RECORDED INFORMATION Block Start
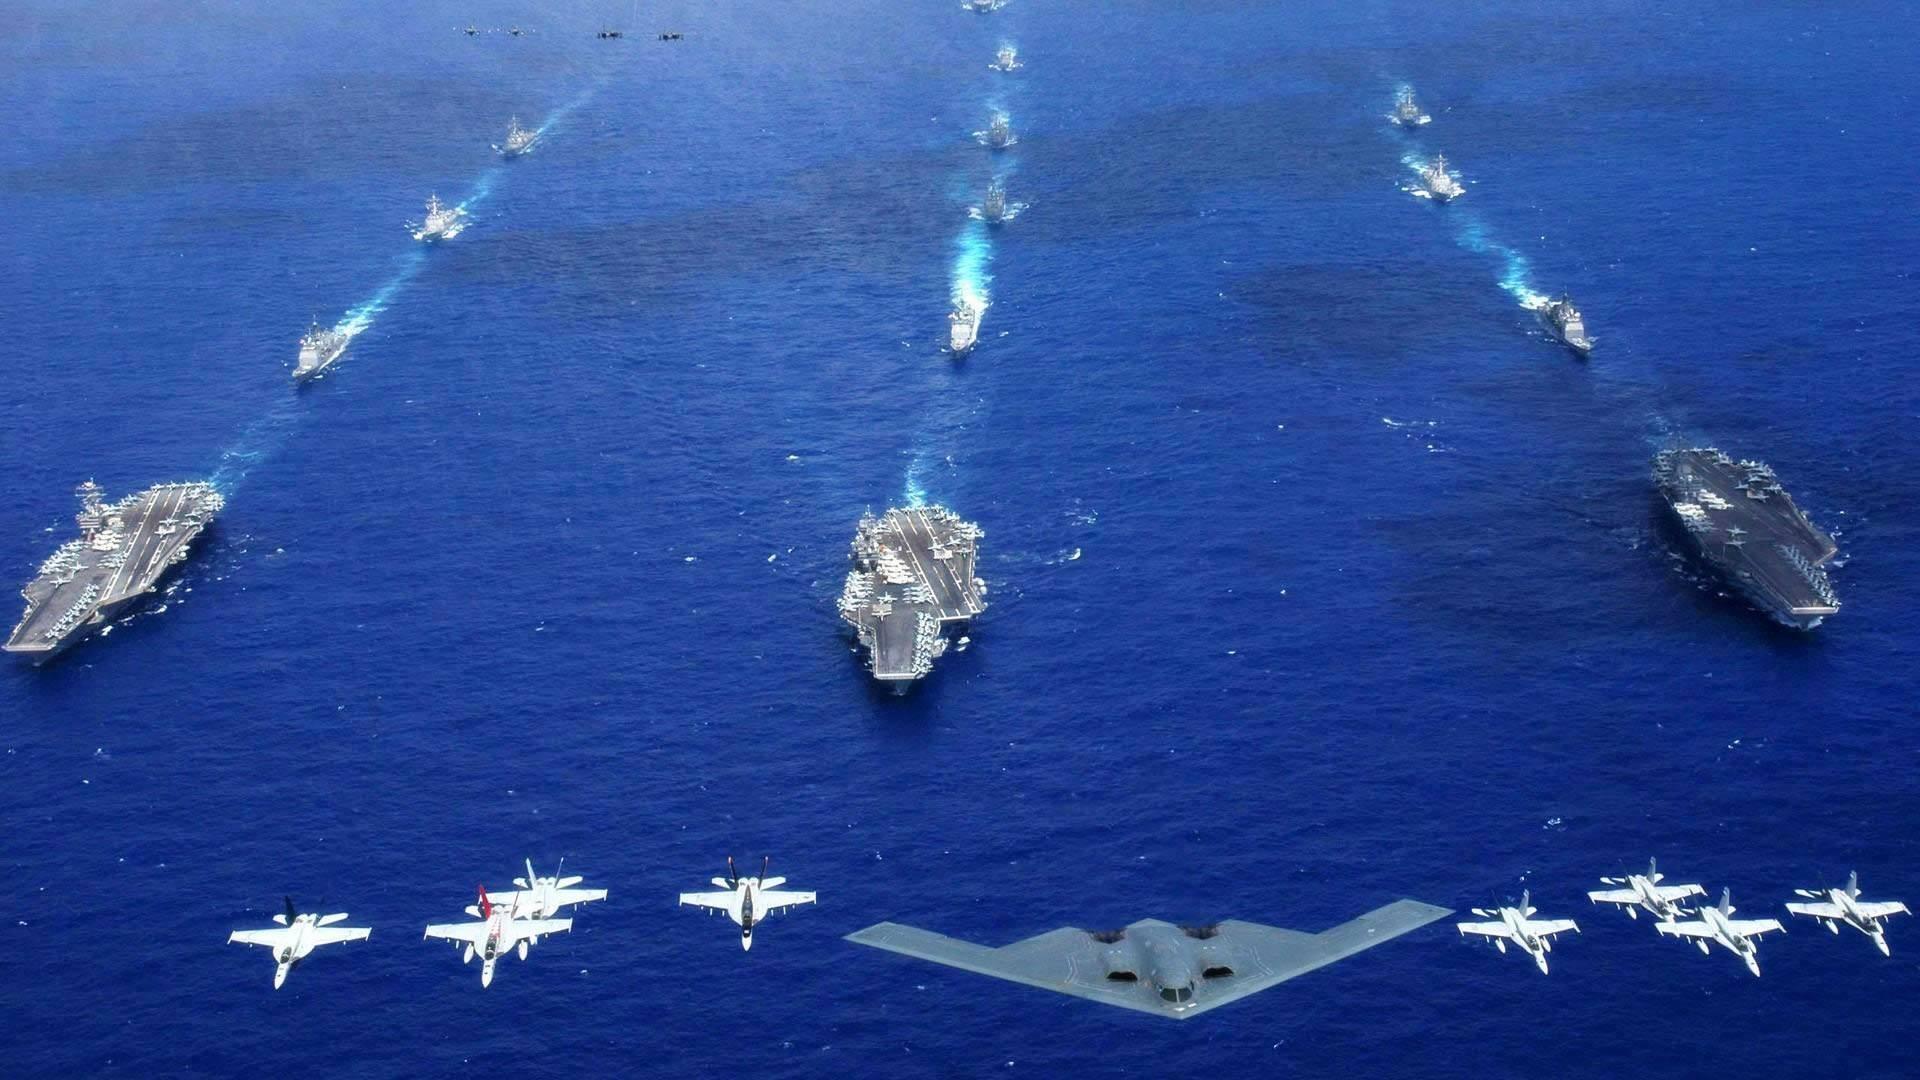 人类已经建造了80万吨的油轮,为什么不建造200000吨的航空母舰
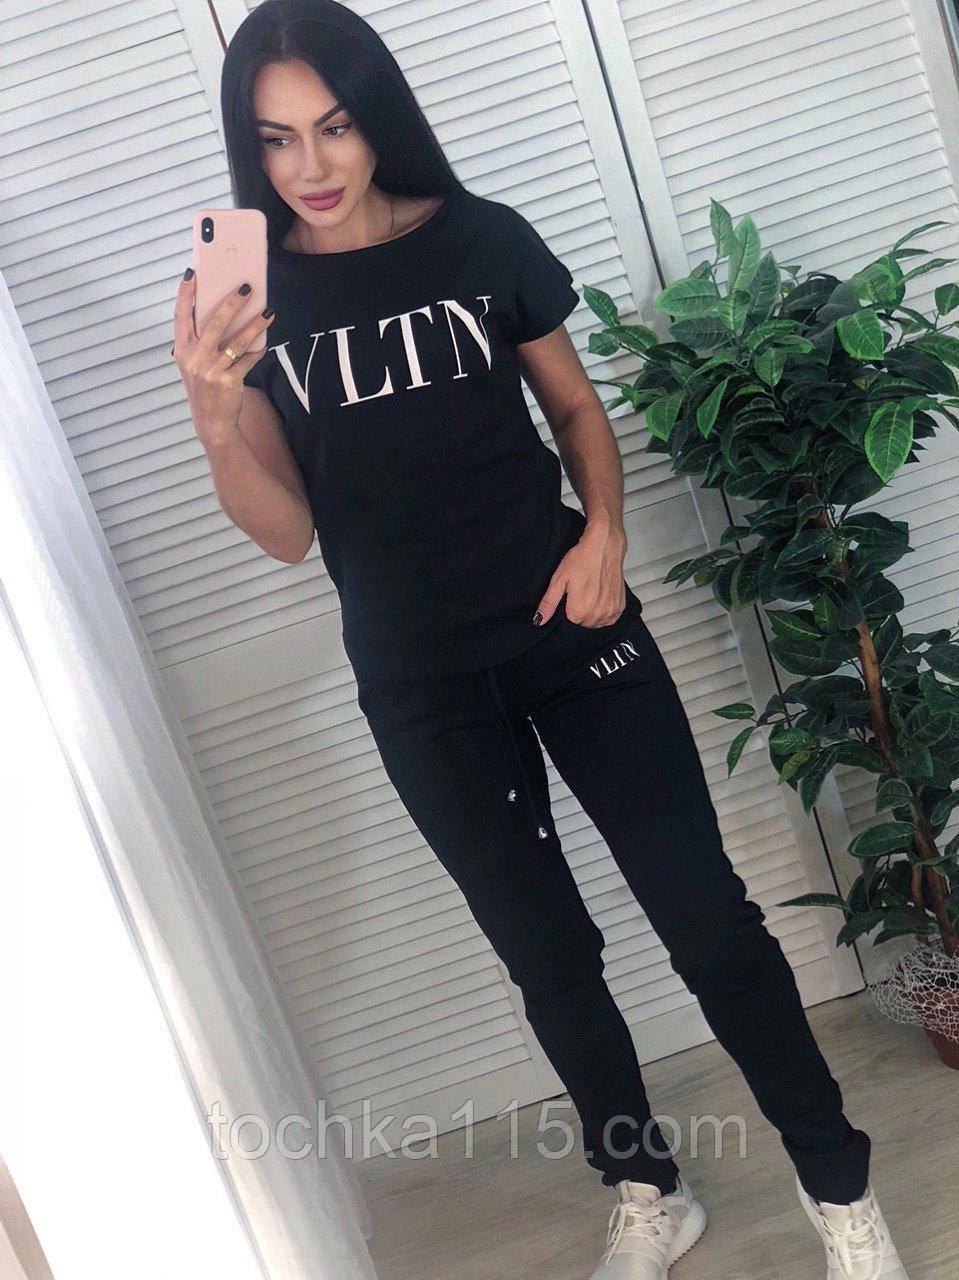 Женский летний костюм VLTN, турецкий трикотаж  S/M/L/XL, черный
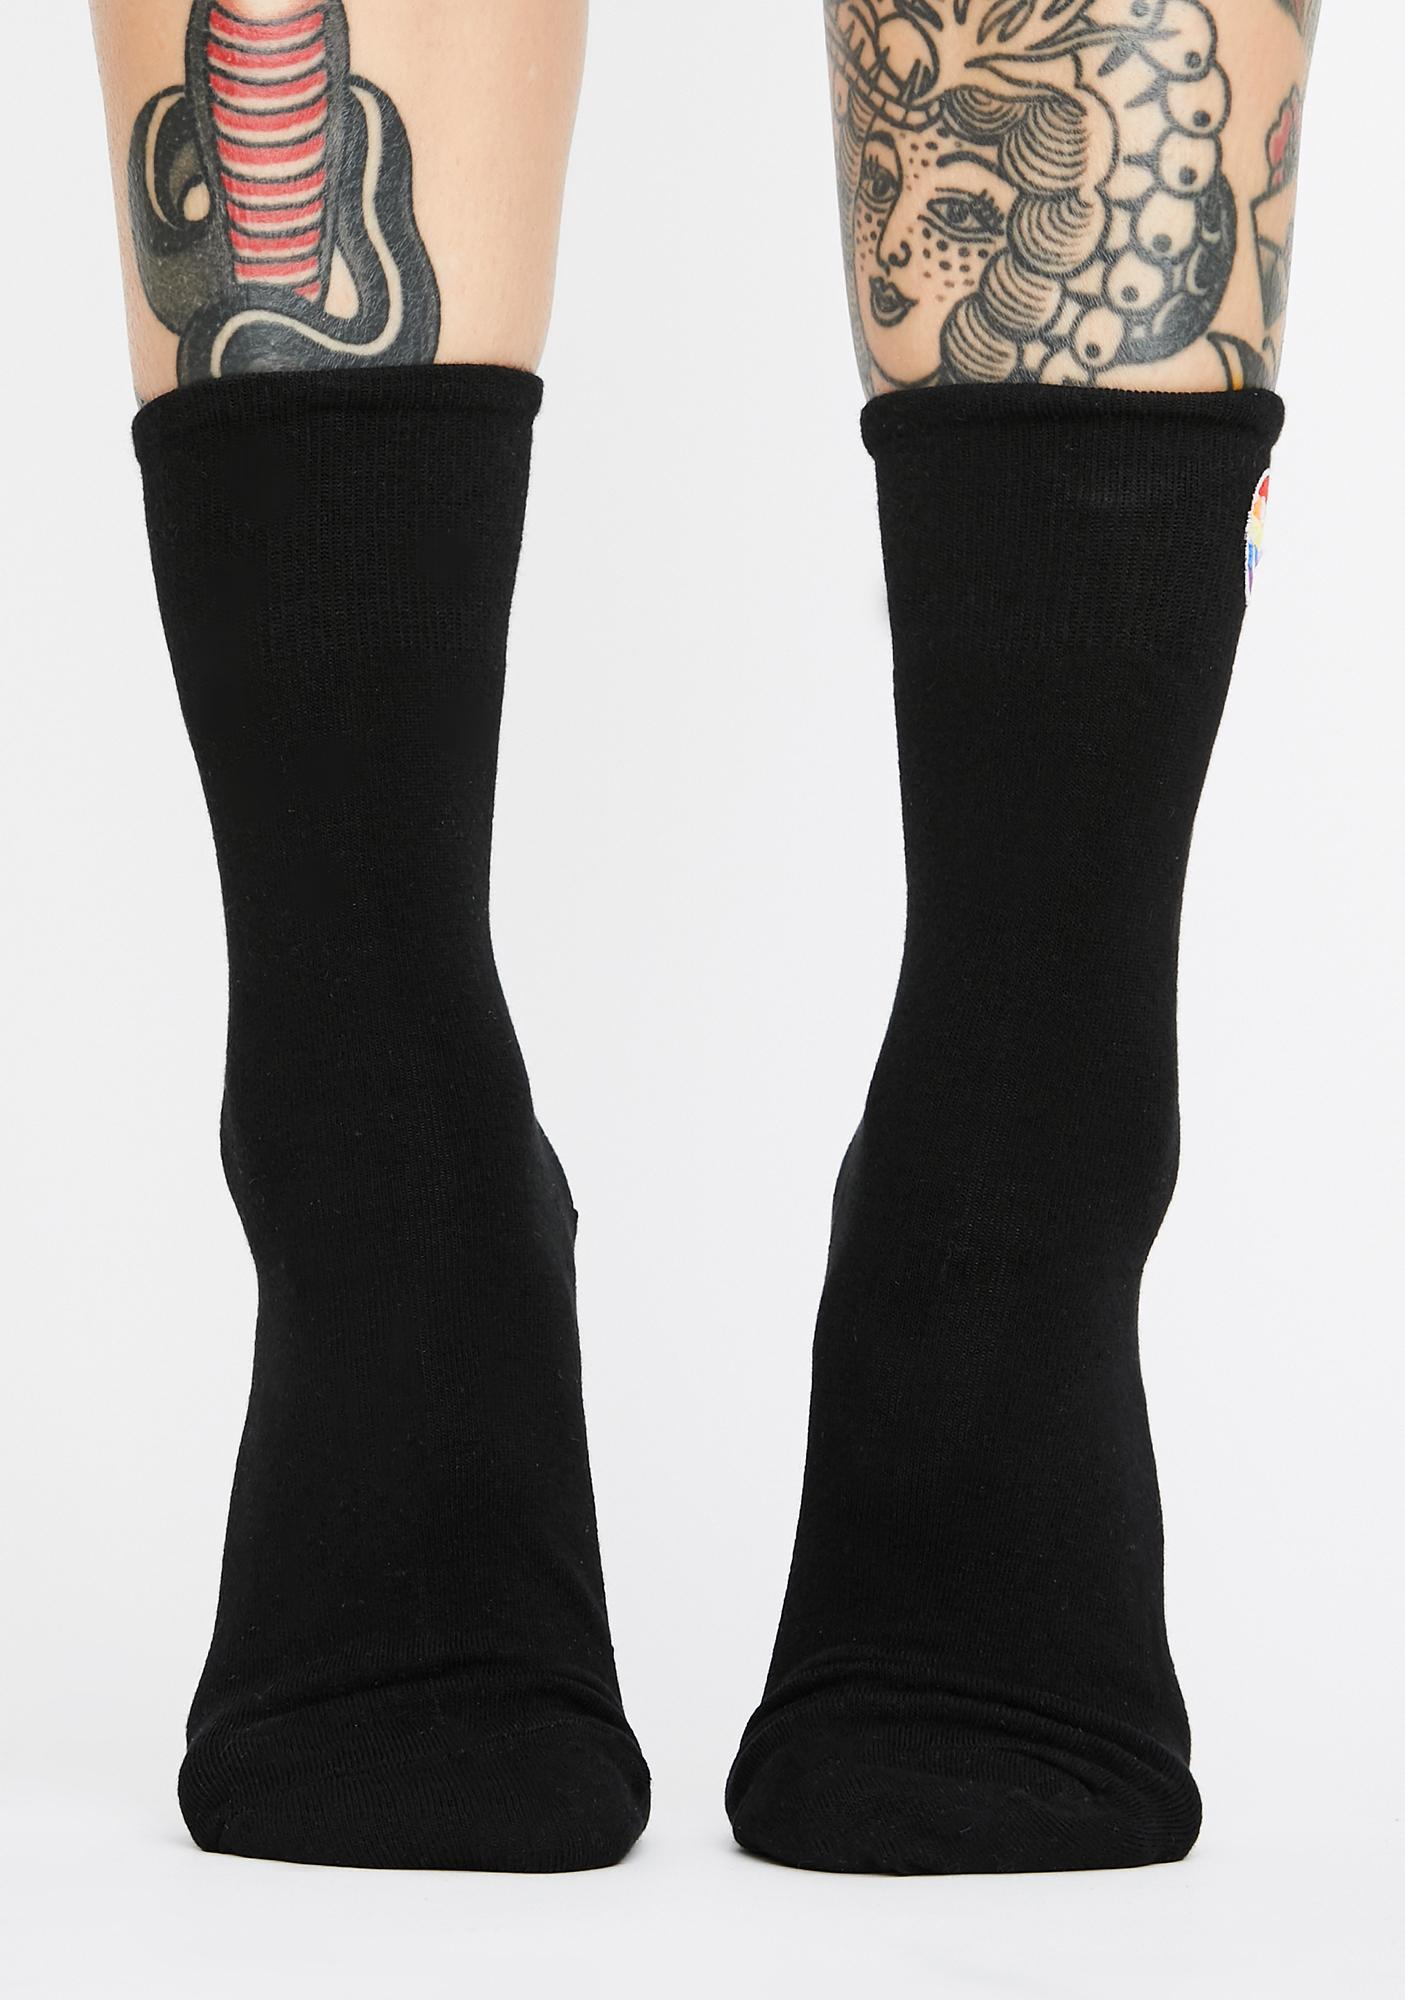 Twisted Revolt Crew Socks
RECORDED INFORMATION Block End
**WHAT YOU ARE ASKED TO DO:**
Reproduce all of the material above word for word. Omit the pictures.

**RESULT FOR THIS EXERCISE:**
 人类已经建造了80万吨的油轮,为什么不建造200000吨的航空母舰
 Женский летний костюм VLTN, турецкий трикотаж  S/M/L/XL, черный
 Twisted Revolt Crew Socks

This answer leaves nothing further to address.